Comb/ well forming templates

 Comb is placed at one end of the Gel casting tray before casting the gel to make wells
(sample slots) for the sample to be pipetted into.
 The dimension of the tooth of the comb defines the dimensions of the well. The more the
number of tooth in a comb, the smaller is the capacity of the wells.
 Once the gel has cooled and solidified (it becomes opaque rather than clear) the comb is
removed.

Gel sealing tape

 Common type of lab tape such as Time tape or VWR tape.

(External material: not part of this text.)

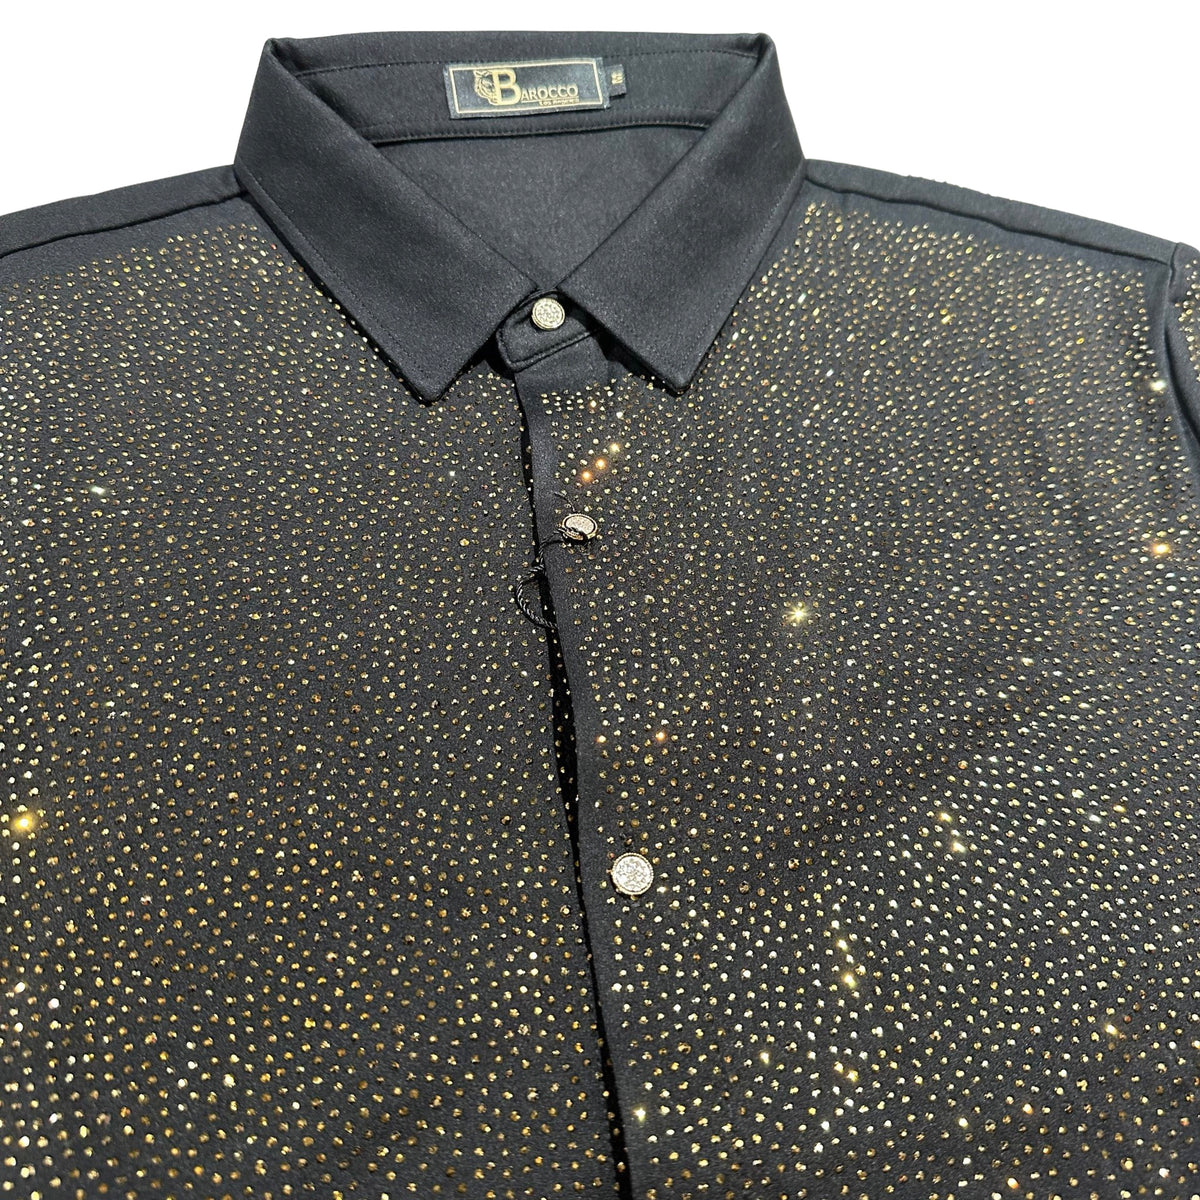 Barocco Black/Gold Fully Loaded Crystal Button Up Shirt - Dudes Boutique

 It is used for sealing the edges of clean, dry glass plate or the plastic tray of the
electrophoresis apparatus to form a mould in which the molten gel is poured for the casting
of the gel.

Power pack

 It is used to supply power of upto 500 V and 200mA

 The power pack has two lead, a black lead, the negative lead and a red lead, the positive
lead. The negative electrode is connected at the end near the well and the positive lead is
connected to the other end. After loading the sample mixed with dye, the leads are
connected and a voltage of 1-5 V cm-1 is applied across the terminals.
 When the leads are connected properly and voltage is applied, bubbles start erupting at the
base of the anode and cathode.
 When the power is applied, the DNA astarts migrating towards the anode while EtBr
migrates towards the cathode.

Gel loading buffer (follow the material provided)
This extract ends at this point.